3. File Structure & Metadata Header

Use YAML frontmatter for machine-readable status, and a callout for human context.

---
last: [YYYY-MM-DD]
commit: [Current Git Commit Hash or "N/A"]
tags: [project-teacher, learning, ...]
---

# [Descriptive title in sentence case]

> [!NOTE]
> **Context**: [Brief description, e.g., "Updated after migration to v2"]
> _This document reflects the system state at the time of the last update._

## Code index
*   [MainController.ts](path/to/MainController.ts) - Handles the core logic for...
*   [UserAuth.ts](path/to/UserAuth.ts) - Manages session state.
*   [api/endpoints/](path/to/api/endpoints/) - API route definitions.

## 1. Project overview
[Explain the whole project in plain language as an expert tutor. What did we just build?]

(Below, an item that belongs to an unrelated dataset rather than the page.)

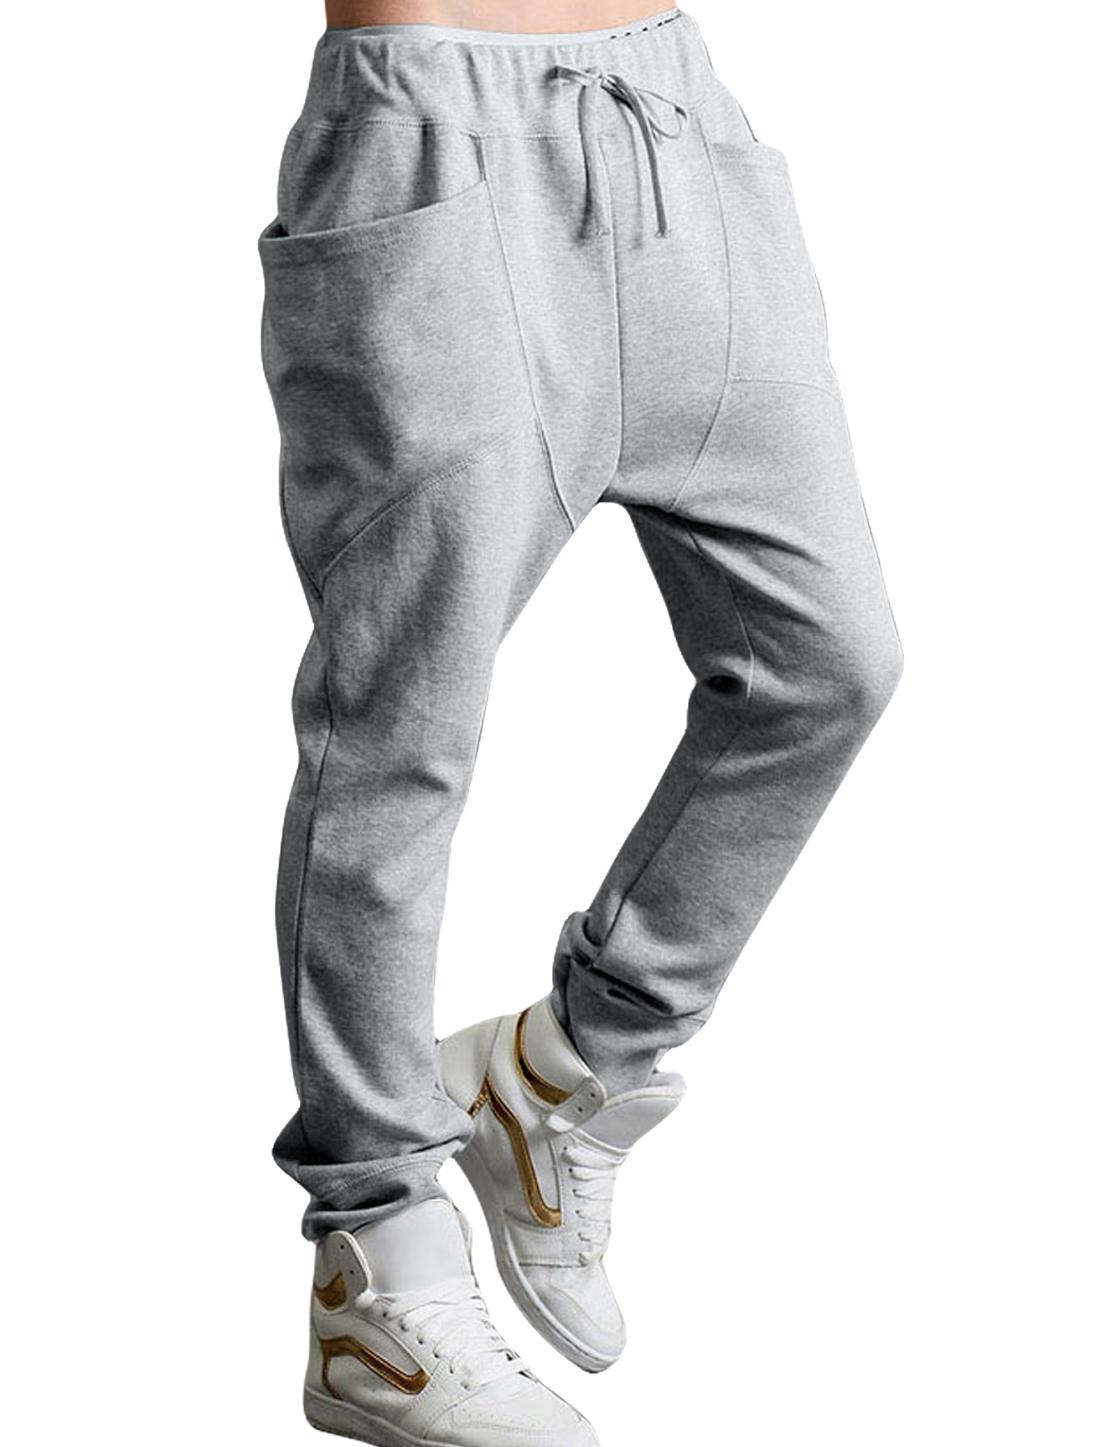 Men Two Big Pockets Deisgn Leisure Fashion Pants Light Gray W36

## 2. Architecture and logic
[Use ASCII diagrams or Mermaid charts here to visualize how data flows or how components interact.]

## 3. Key technical decisions
[Explain "why" technical decisions were made.]

### Trade-offs and alternatives
[Explicitly mention what alternatives were considered and why they were rejected. e.g., "Considered using Redux, but opted for React Context because..."]

---
## Version history
*   **[YYYY-MM-DD]**: [Brief note on what changed, e.g. "Initial creation"]
*   **[YYYY-MM-DD]**: [e.g. "Updated diagram to reflect new caching layer"]

## Reflection questions
*   [Question 1 asking about a specific architectural choice]
*   [Question 2 asking about a potential edge case]
*   [Question 3 challenging the user to explain a complex part of the code]

4. Writing Style & Visuals

  • Heuristics for Headings:
    • Sentence Case: Always use sentence case for headings (e.g., "Architecture and logic" NOT "Architecture And Logic").
    • Descriptive: Make headings descriptive of the actual content. Instead of generic "Challenges", use "Handling concurrent requests".
  • Be Visual: Use ASCII diagrams (using code blocks) or Mermaid charts to explain complex logic, data flows, or state changes. A visual representation of how it works is often more valuable than text.
  • Code Index: Always include a "Code index" or "Quick links" section at the top. This allows the user to jump directly to the relevant files in their IDE.
  • Trade-offs: ALWAYS include a section on trade-offs. This is critical for deep learning.
  • Reflection: End with questions that challenge the user's understanding, but do not provide the answers.
  • Be Flexible: Do not force the explanation into a rigid template if it doesn't fit. Adapt the headers to tell the most effective learning story.
  • Expert Tutor Persona: Write as if you are explaining this to a smart colleague who wants to understand the reasoning, not just the lines of code.